Inclusion Criteria:

          1. Provision of fully informed consent prior to any study specific procedures.

          2. Histologically confirmed SCLC with documented MYC family (MYC, MYCN, MYCL)
             amplification or CDKN2A mutation combined with TP53 mutation.

          3. Patients must be ≥20 years of age.

          4. Small cell lung cancer that has progressed during or after first-line therapy.

               -  The 1st line regimen must have contained platinum based regimen.

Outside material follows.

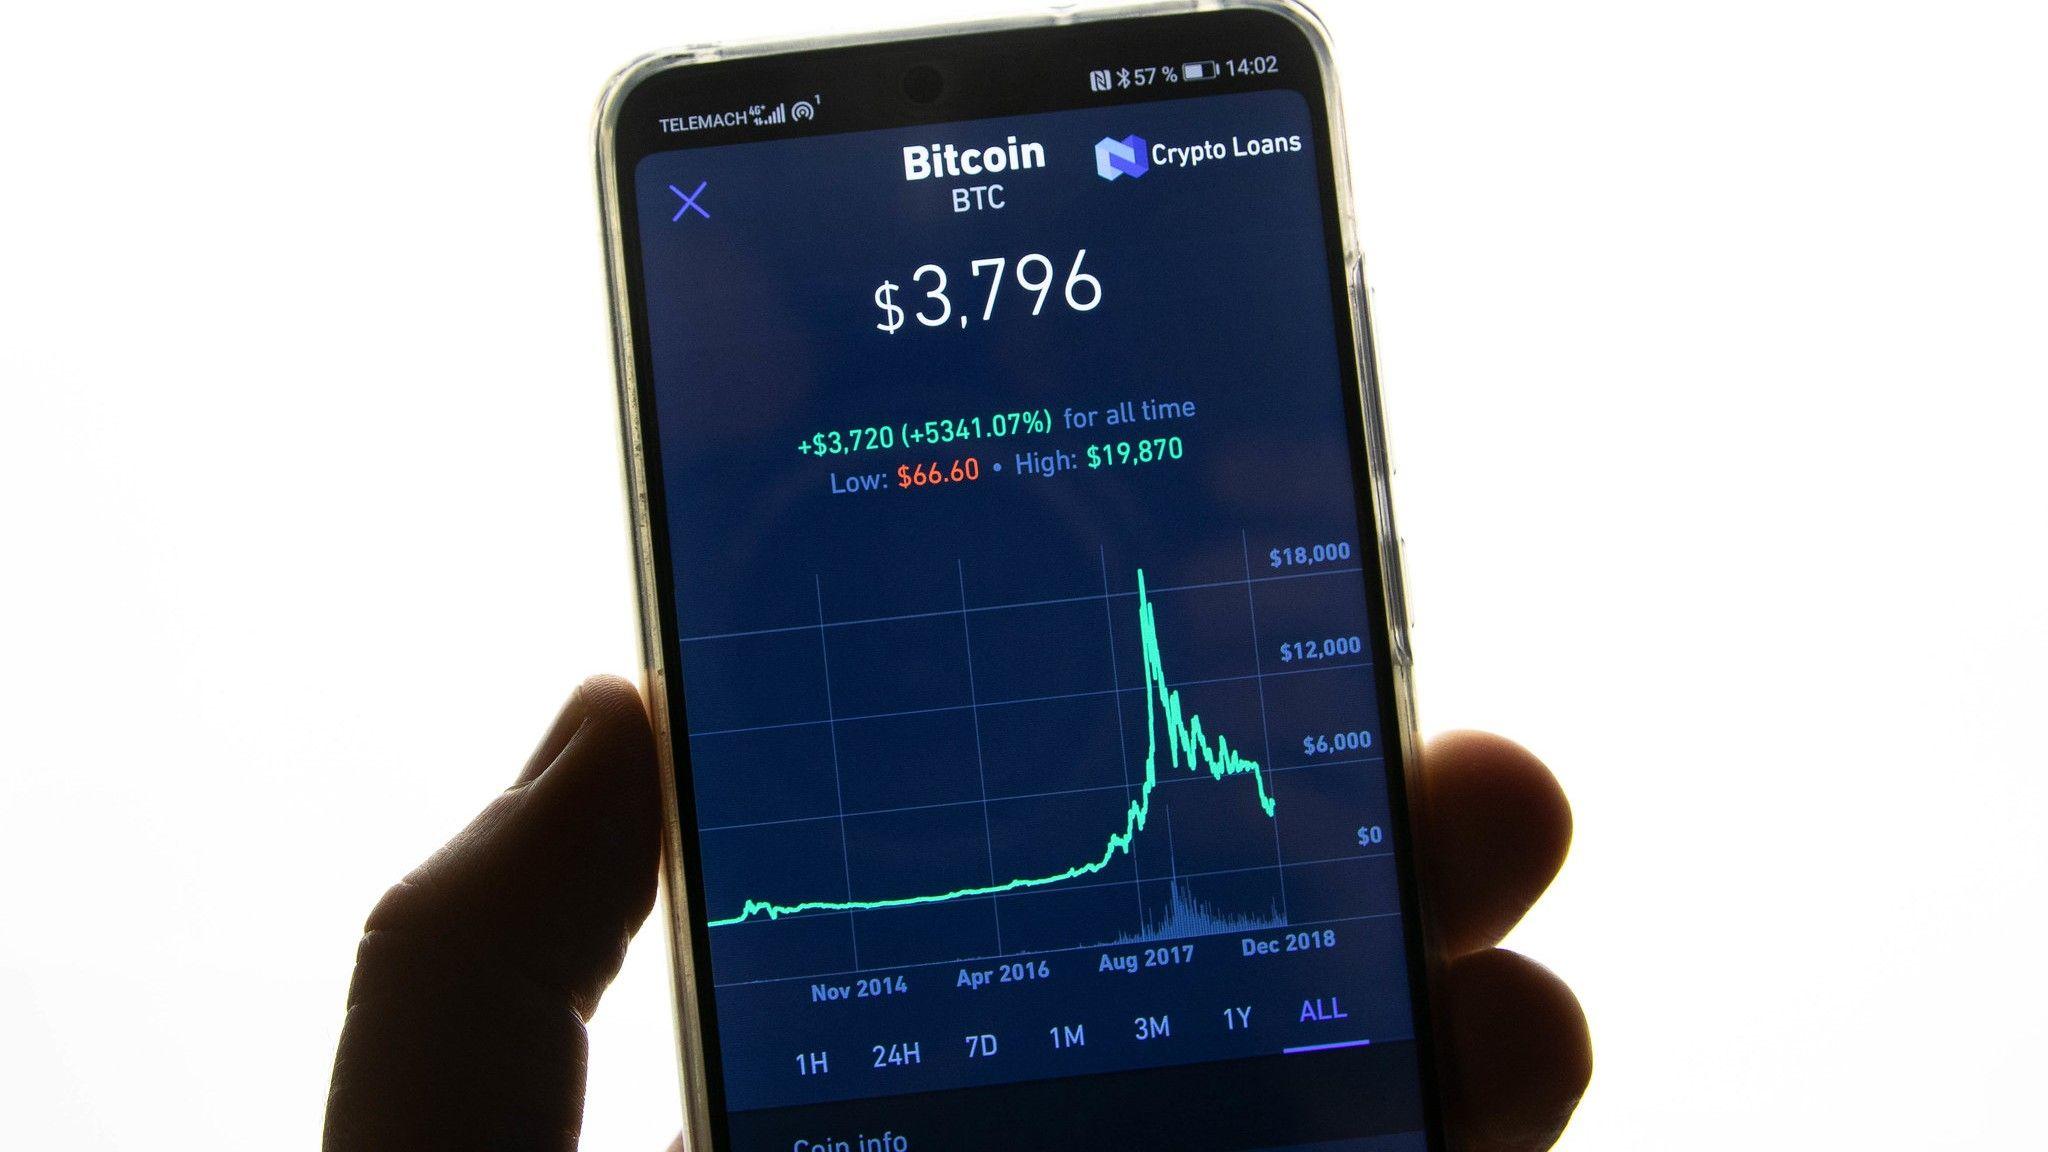 ビットコイン急騰、一頭の「クジラ」原因だった?

               -  Refractory to first-line chemotherapy or relapse within 6 months since the last
                  dose of first-line chemotherapy

               -  If the patient correspond to sensitive relapse (relapse more than 6 months since
                  the last dose of first-line chemotherapy), she/he should get second-line
                  treatment.

          5. Previous radiotherapy is allowed.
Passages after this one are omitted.